Anti-slavery Work
Though Chapman came to the anti-slavery cause through her husband’s family, she quickly and stalwartly took up the cause, enduring pro-slavery mobs, social ridicule and public attacks on her character. Her sisters, notably Caroline and Anne, were also active abolitionists, though Maria is generally considered to be the most outspoken and active among her family. The Chapmans became central figures in the “Boston Clique,” which primarily consisted of wealthy and socially prominent supporters of Garrison. In 1835, Chapman assumed the leadership of the Boston Anti-Slavery Bazaar, which had been founded the previous year by Lydia Maria Child and Louisa Loring, and remained in charge of the fair until 1858, when she unilaterally made the decision to replace the bazaar with the Anti-Slavery Subscription Anniversary. Chapman justified her decision to end the fair by claiming that it had become passé; she argued that the Anniversary—an exclusive, invitation-only soirée featuring music, food and speeches—was more au courant and more lucrative than the bazaar.

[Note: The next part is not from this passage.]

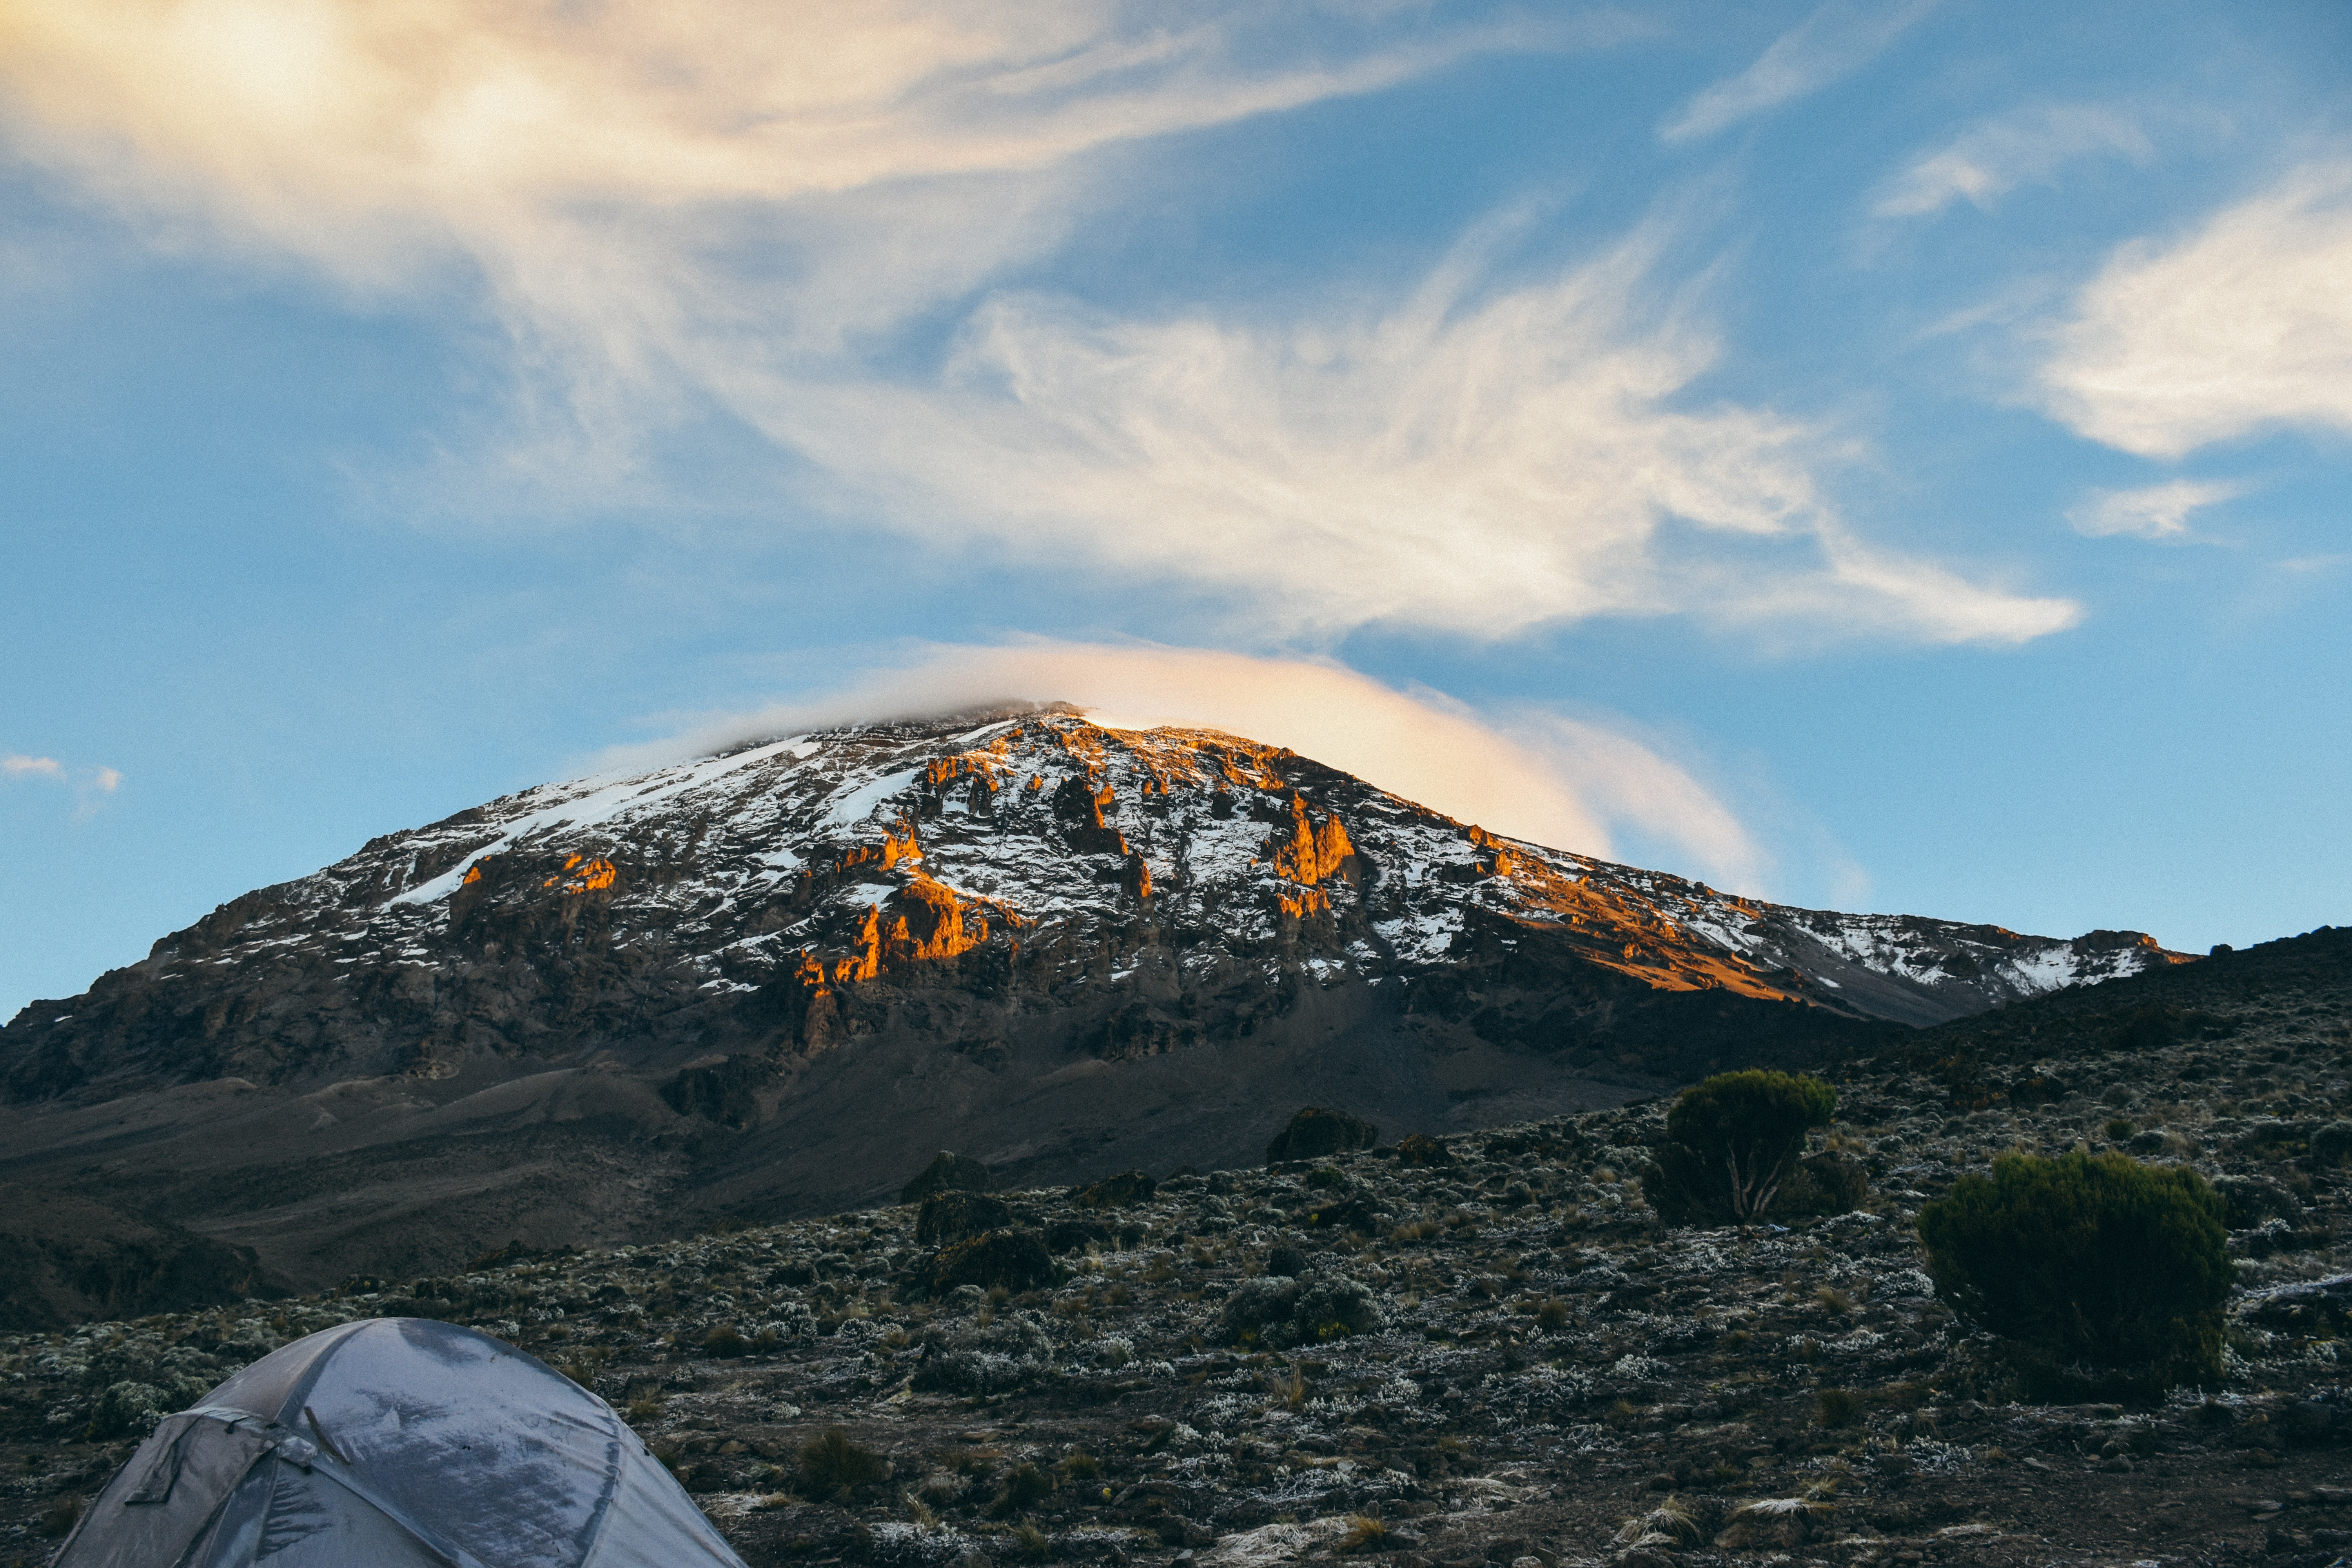 1. Mount Kilimanjaro
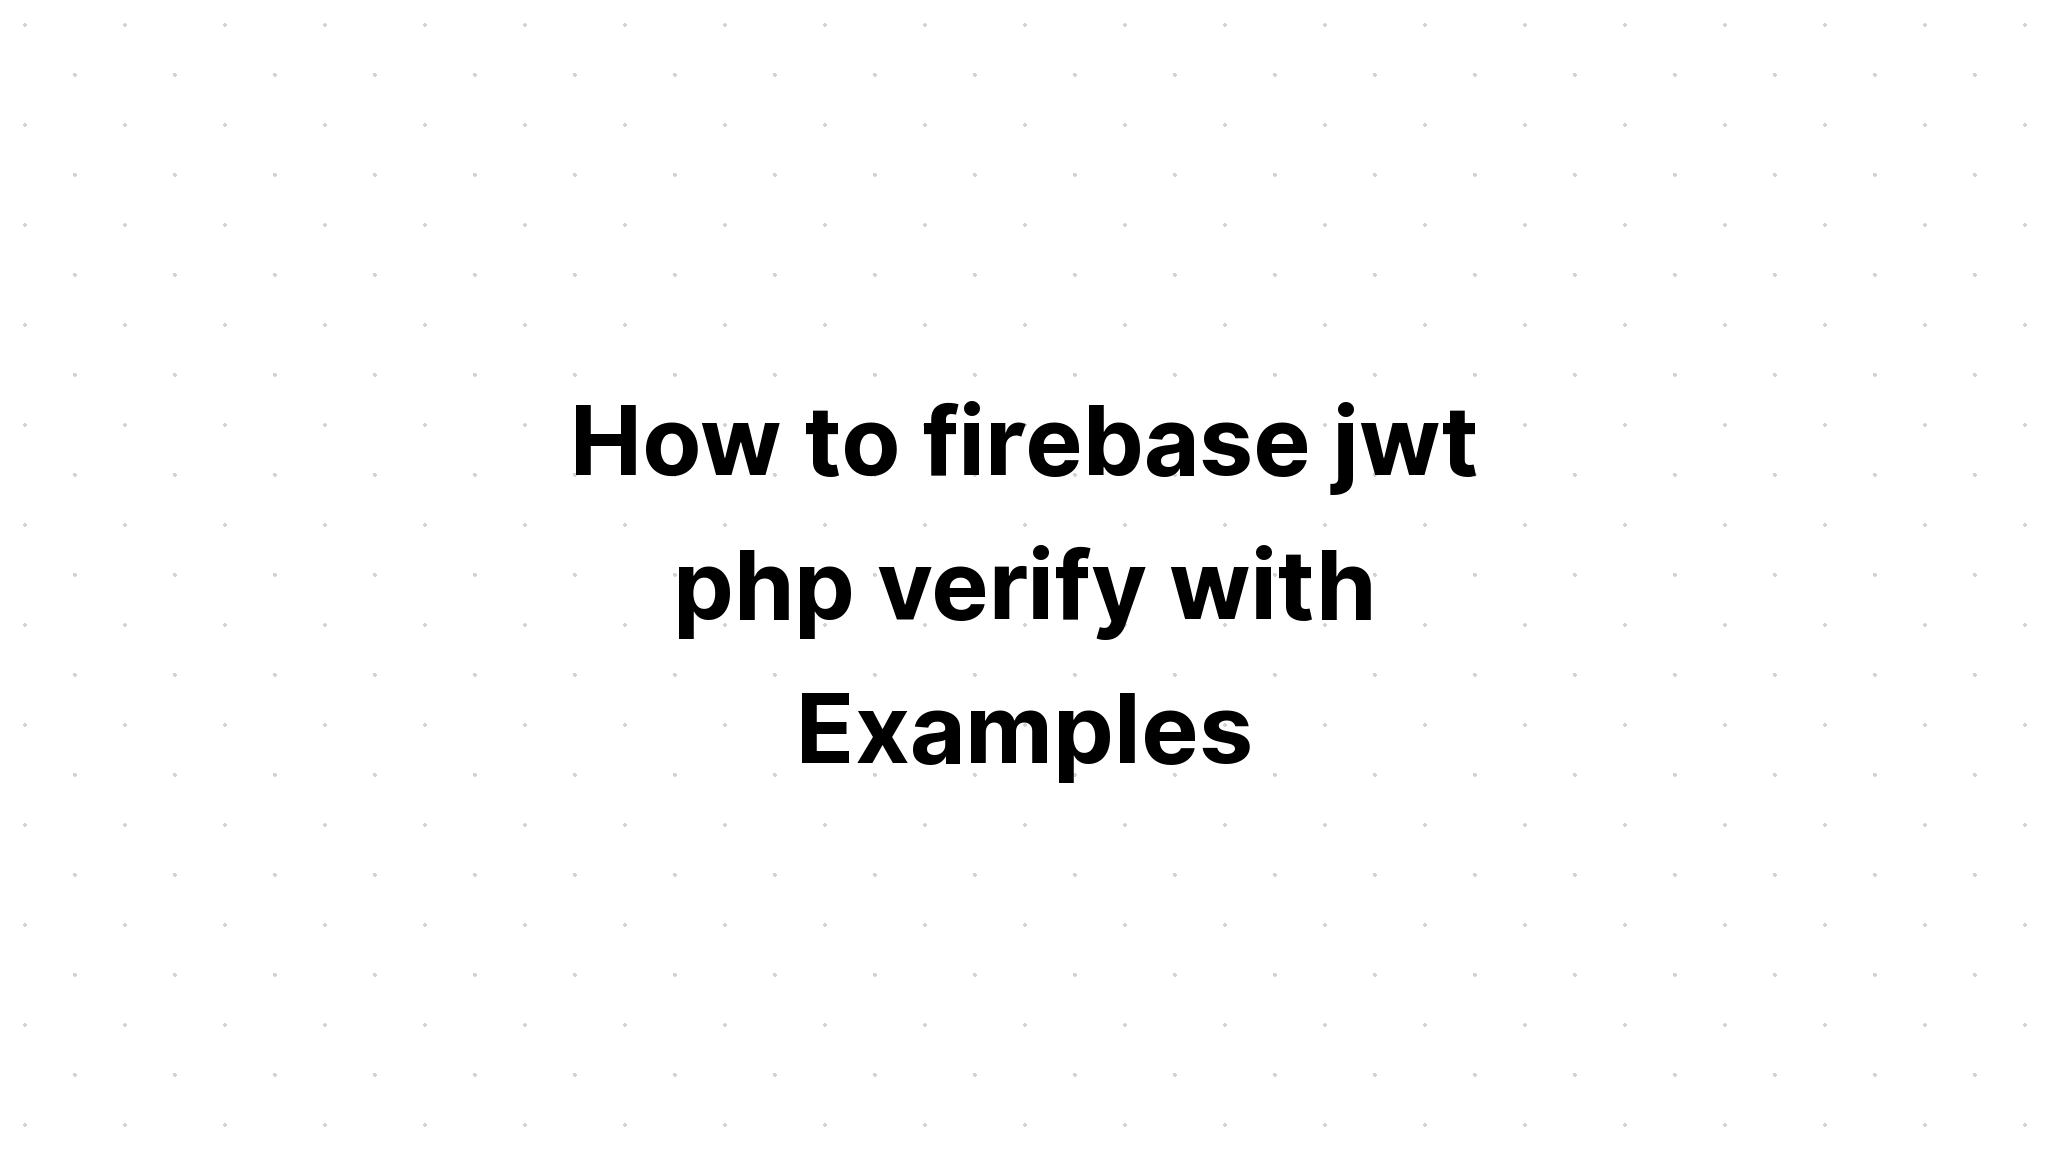 Cara firebase jwt php verifikasi dengan Contoh

In addition to her fair work, between 1835 and 1865, Chapman served on the executive and business committees of the Massachusetts Anti-Slavery Society (MASS), the New England Anti-Slavery Society (NEASS) and the American Anti-Slavery Society (AAS) and was active in the petition campaigns of the 1830s. She wrote the annual reports of the Boston Female Anti-Slavery Society (BFASS) and published tracts. Between 1839 and 1858 she edited The Liberty Bell, an annual anti-slavery gift book that was sold at the Boston Bazaar. The giftbook was composed of contributions from various notable figures - Longfellow, Emerson, Elizabeth Barret Browning, Harriet Martineau, and Bayard Talor, among others - none of these received any remuneration for their participation in the publication aside from a copy of The Liberty Bell. She also acted as editor to The Liberator in Garrison’s absence and was on the editorial committee of the National Anti-Slavery Standard, the official mouthpiece of the AAS. Chapman was also a member of the peace organisation, the Non-Resistance Society, who published The Non-Resistant. Chapman was a prolific writer in her own right, publishing Right and Wrong in Massachusetts in 1839 and How Can I Help to Abolish Slavery? in 1855. Aside from these works, she published her poems and essays in abolitionist periodicals. In 1840 divisions between Garrisonians and the more political wing of the anti-slavery movement split the AAS and correspondingly the BFASS into two opposing factions. Maria—nicknamed “Captain Chapman” and the "great goddess" by her opponents and "Lady Macbeth" even by her friends—outmaneuvered the opposition to take control of a resurrected BFASS, which from then on mainly focused on organizing the Boston bazaar.